3. Results and Conclusions

The experiments for the performance analysis of the parallel version of RADMeth were conducted on 16 nodes of the “Pluton” cluster, a distributed-memory system that is based on Intel Xeon processors and installed at CITIC. Each node is composed of two processors with eight cores each (16 logical threads using HyperThreading) and 64 GB of main memory. The whole system provides a total of 256 cores (512 logical threads with HyperThreading) and 1 TB of memory. In order to keep the reproducibility of the experiments, we have used two representative datasets that are publicly available, Akalin 2012 and Hansen 2014. The Akalin dataset is made of 28,670,426 CpG sites and 2 samples, whereas the Hansen dataset consists of 28,217,449 and 6 samples. In addition to those properties, it is important to mention that the Akalin dataset is a worst-case scenario in terms of workload imbalance, meaning that a high percentage of the workload is associated with a very small contiguous block of CpG sites. A parallel tool with only static data distribution is unable to accelerate the execution of this dataset, proving the dynamic workload distribution to be an outstanding performance optimization, completely compulsory for the tool to scale in critical scenarios.

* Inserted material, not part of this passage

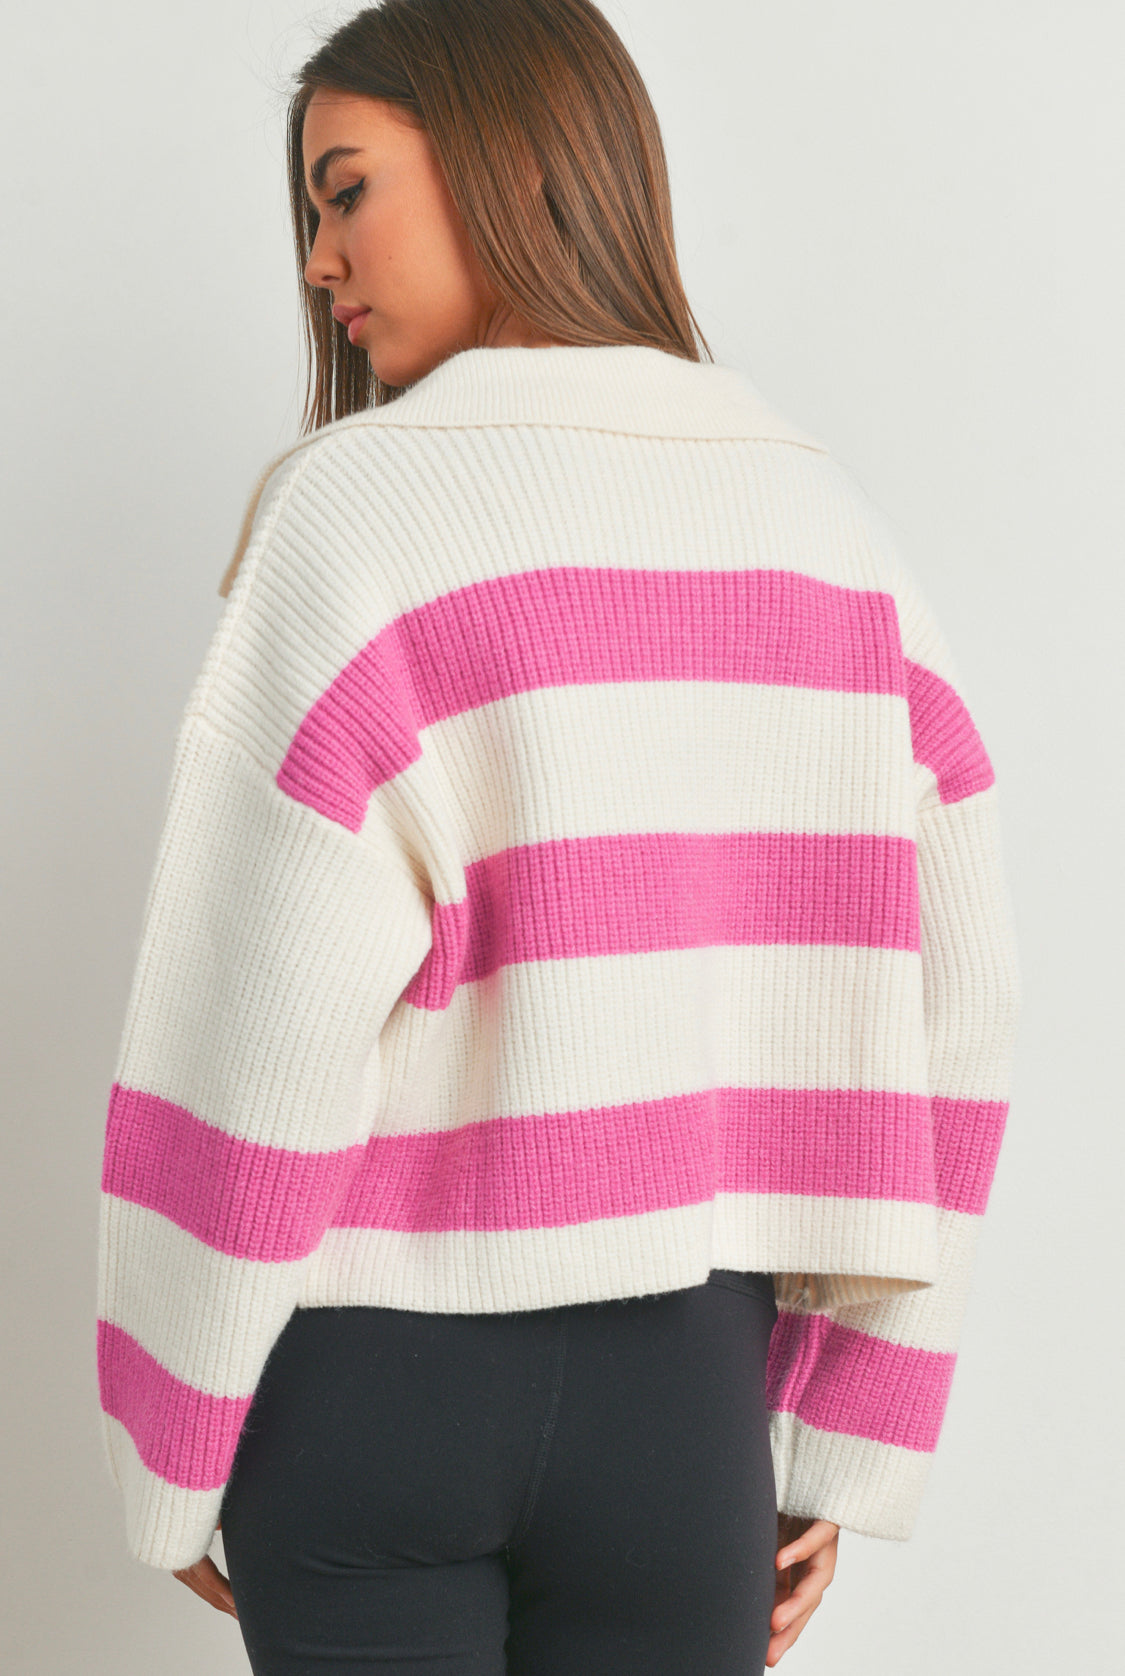 Aspen Sweater top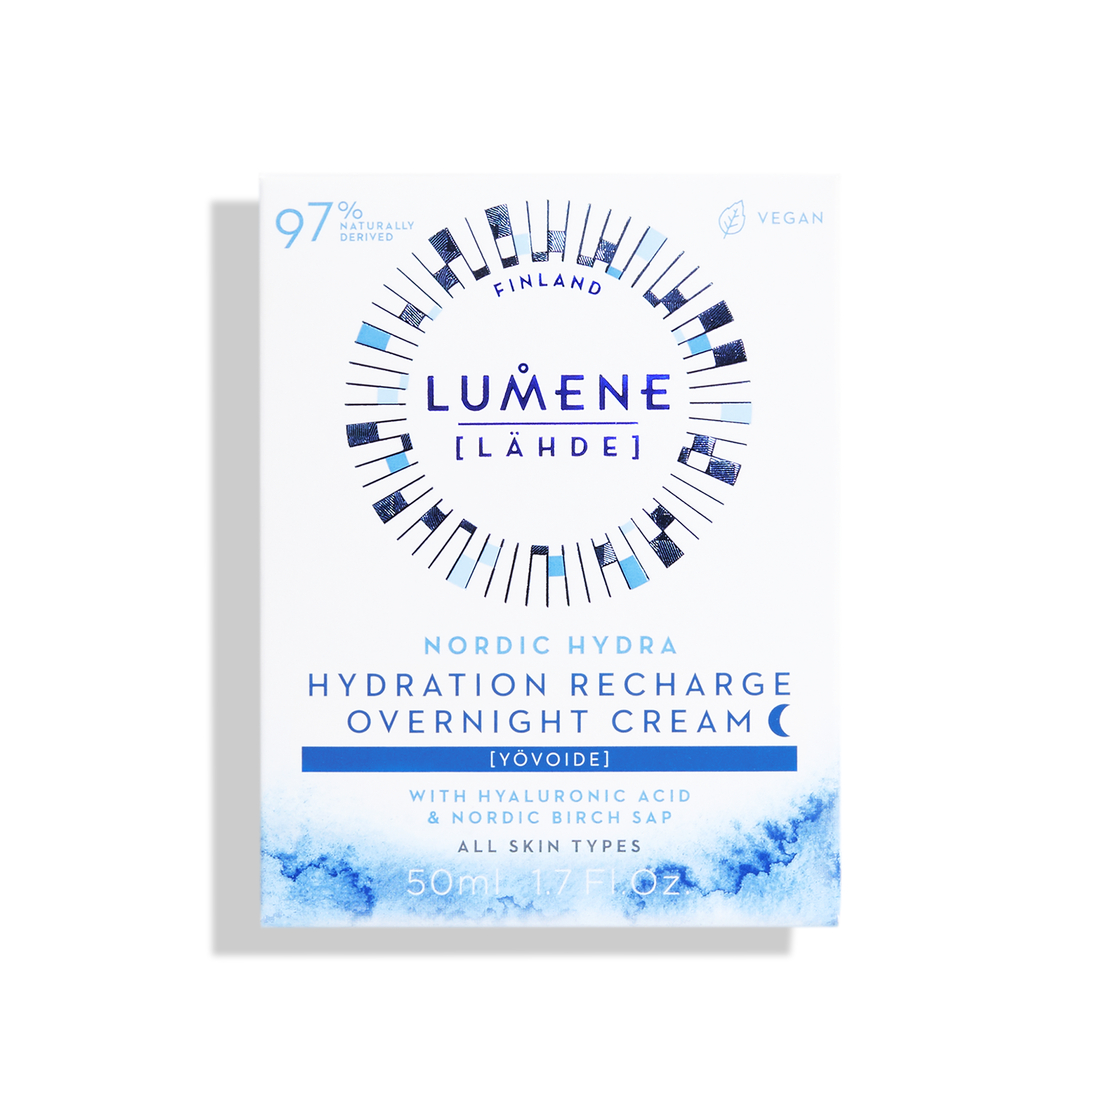 Hydration Recharge Overnight Cream

Table 1. Dataset scalability, execution times (in seconds), and speedups (in parentheses).

	Akalin 2012	Hansen 2014
Original RADMeth	10,886.90	45,931.20
1 Node	498.65 (21.83)	2424.93 (18.94)
2 Nodes	304.76 (35.72)	1228.00 (37.40)
4 Nodes	326.55 (33.33)	803.70 (57.14)
8 Nodes	215.10 (50.61)	444.67 (103.29)
16 Nodes	121.35 (89.71)	242.97 (189.03)

also shows the runtime and speedup (in parentheses) for different number of nodes. Regarding the parallel executions, the same configuration for each node was used, as it proved to be the most efficient one after some preliminary tests: one MPI process with 16 cores each (32 logical threads per MPI process using HyperThreading). The reason is that the dynamic distribution, necessary for high scalability, is implemented at the thread level, so the higher the threads-to-process ratio is, the better the workload balance is, and the better the performance of the parallel tool is. As can be seen in the table, the parallel version of RADMeth performs well and offers excellent scalability (execution times largely decrease when the number of cores increases). Furthermore, due to the execution time reduction, the parallel tool allows for the analysis of large-scale datasets when this method is applied.